Aim of the task: Within the listing below, how many lines include the string "White"? Reply with only the number.

--- START ---

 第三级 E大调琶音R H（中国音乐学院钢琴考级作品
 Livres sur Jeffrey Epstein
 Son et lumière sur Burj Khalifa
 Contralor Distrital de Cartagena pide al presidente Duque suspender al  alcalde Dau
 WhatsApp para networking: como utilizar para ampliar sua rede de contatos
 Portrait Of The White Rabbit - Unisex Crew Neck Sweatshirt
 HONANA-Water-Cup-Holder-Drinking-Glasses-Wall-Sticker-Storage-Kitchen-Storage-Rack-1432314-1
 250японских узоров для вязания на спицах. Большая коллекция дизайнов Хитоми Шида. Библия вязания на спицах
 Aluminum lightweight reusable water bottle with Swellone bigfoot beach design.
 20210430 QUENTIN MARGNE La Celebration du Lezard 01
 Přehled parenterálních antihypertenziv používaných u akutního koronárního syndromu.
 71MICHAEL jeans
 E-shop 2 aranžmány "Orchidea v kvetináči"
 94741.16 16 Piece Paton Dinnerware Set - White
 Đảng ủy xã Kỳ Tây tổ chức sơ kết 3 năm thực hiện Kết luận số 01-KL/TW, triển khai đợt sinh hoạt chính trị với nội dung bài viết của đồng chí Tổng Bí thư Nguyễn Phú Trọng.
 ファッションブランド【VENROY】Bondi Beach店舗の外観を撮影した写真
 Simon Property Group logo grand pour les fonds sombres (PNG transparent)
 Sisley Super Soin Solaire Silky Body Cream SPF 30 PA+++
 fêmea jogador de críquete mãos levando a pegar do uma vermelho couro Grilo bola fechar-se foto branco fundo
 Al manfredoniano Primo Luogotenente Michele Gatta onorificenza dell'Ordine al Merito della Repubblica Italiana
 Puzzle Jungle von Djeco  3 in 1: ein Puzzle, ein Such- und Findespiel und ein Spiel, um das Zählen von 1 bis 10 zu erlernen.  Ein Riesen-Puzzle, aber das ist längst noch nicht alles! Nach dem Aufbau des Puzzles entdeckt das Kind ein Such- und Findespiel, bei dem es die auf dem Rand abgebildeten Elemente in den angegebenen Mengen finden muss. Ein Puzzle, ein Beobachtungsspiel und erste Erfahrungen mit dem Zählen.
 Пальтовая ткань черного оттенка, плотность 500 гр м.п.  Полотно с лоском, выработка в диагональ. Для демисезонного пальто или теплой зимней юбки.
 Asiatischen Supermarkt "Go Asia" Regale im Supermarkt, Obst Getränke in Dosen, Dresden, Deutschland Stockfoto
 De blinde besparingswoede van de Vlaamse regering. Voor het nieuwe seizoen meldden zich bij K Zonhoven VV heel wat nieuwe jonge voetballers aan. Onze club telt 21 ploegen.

--- END ---

Reply: 2